Мистическое возмездие, Божий суд, попрание революционной идеи «свободной воли» человека волей Высшей. Высшая логика предопределенности угадывается в споре Воланда и Бездомного о том, кто управляет судьбой человека: «Да сам человек и управляет!» – настаивает Бездомный. «Что же, – говоря о непредсказуемости человеческой судьбы и внезапности смерти, насмешливо парирует Воланд. – Это он сам с собой так управился?» Кто-то управляет судьбой. И это даже выше, чем сила государства, это логика самой жизни: «Не думаешь ли ты, прокуратор, что это ты подвесил волосок?» – вопрошает арестант Га-Ноцри. Логика жизни – есть Высшая справедливость.

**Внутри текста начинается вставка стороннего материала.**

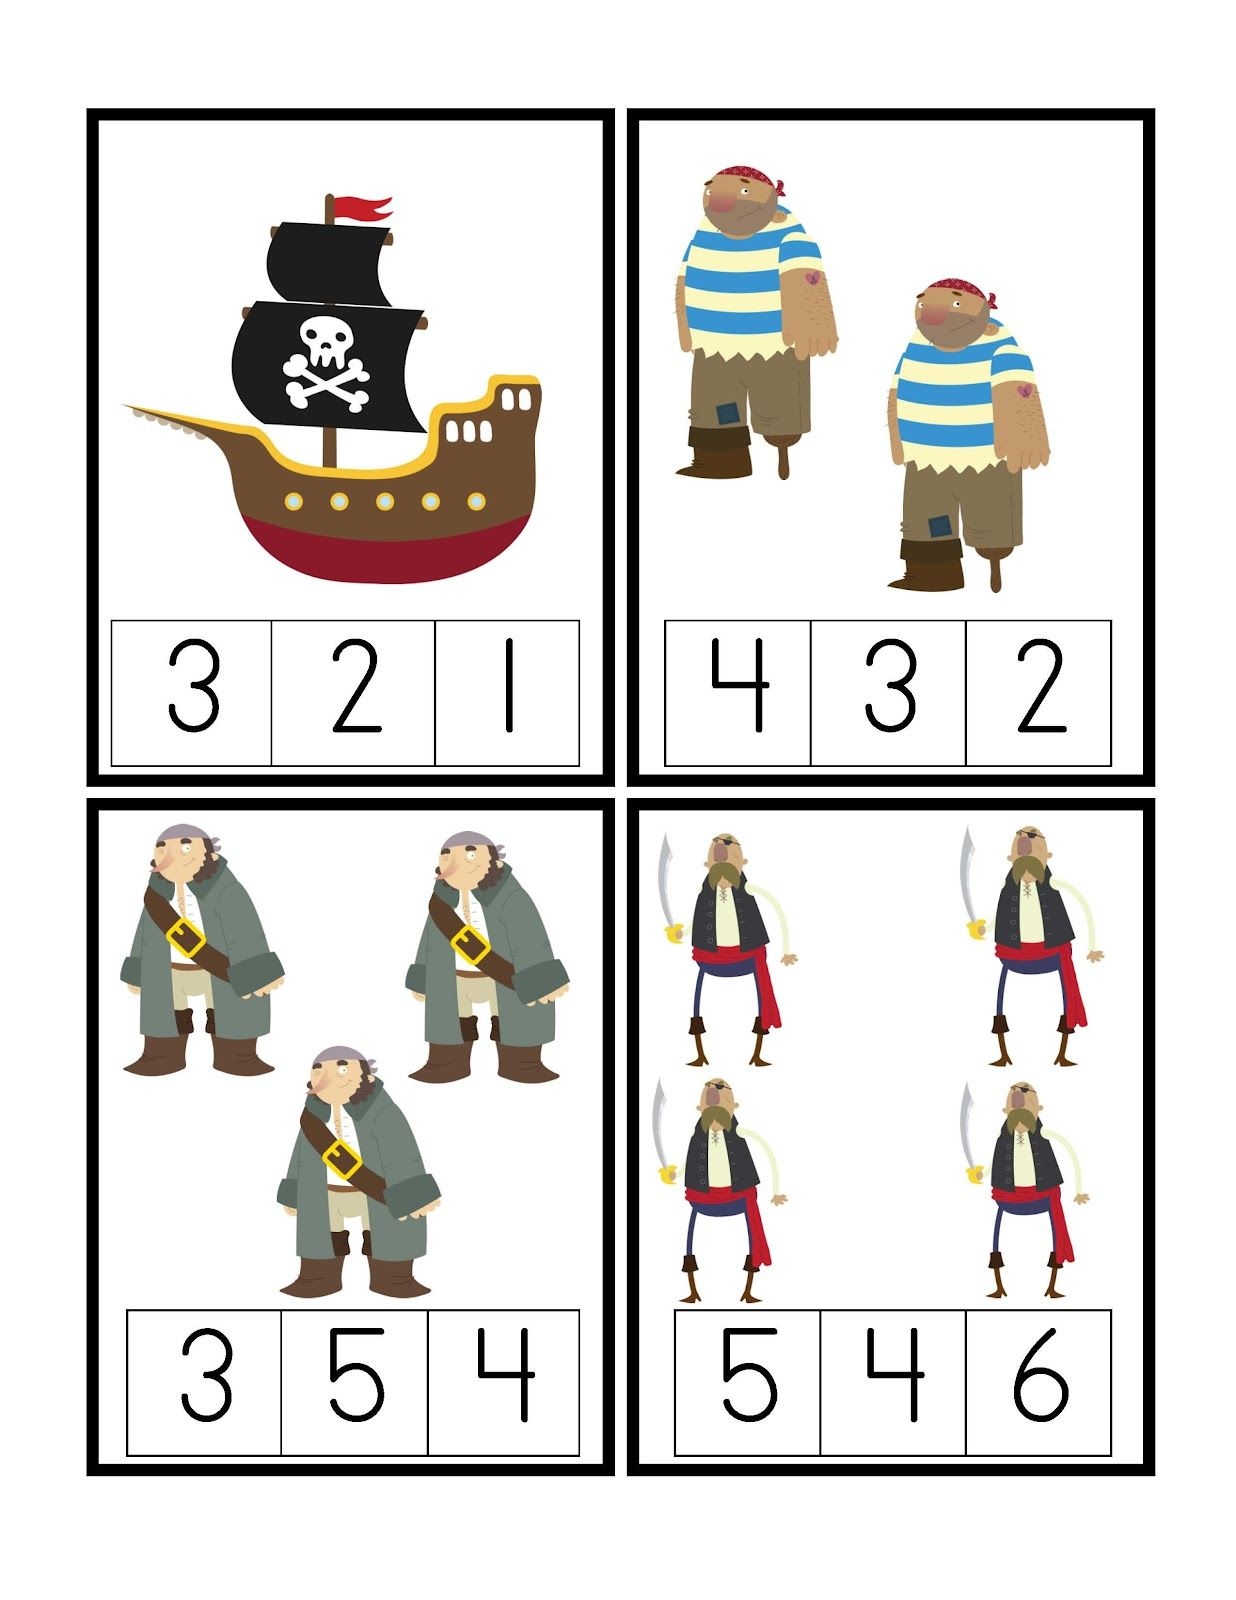 Preschool Printables Pirate Preschool Pirate Theme Pirate Preschool Preschool Printables [ 1600 x 1236 Pixel ]

«Сознание справедливости происходящего владело подавляющим большинством участников событий – вот чего не могут понять нынешние разоблачители ужасов сталинского периода, – указывает философ А. Зиновьев. – Без этого ни за что не поймешь, почему было возможно в таких масштабах манипулировать людьми и почему люди позволяли это делать с собою. Конечно, случаи нарушения справедливости были. Например, расстреляли высокого начальника из органов, который сам перед этим тысячи людей подвел под расстрел. Расстреляли военачальника – героя Гражданской войны, который командовал войсками, жестоко подавившими крестьянский бунт. Но, в общем и целом, эта эпоха прошла с поразительным самосознанием справедливости всех ее ужасов» (79).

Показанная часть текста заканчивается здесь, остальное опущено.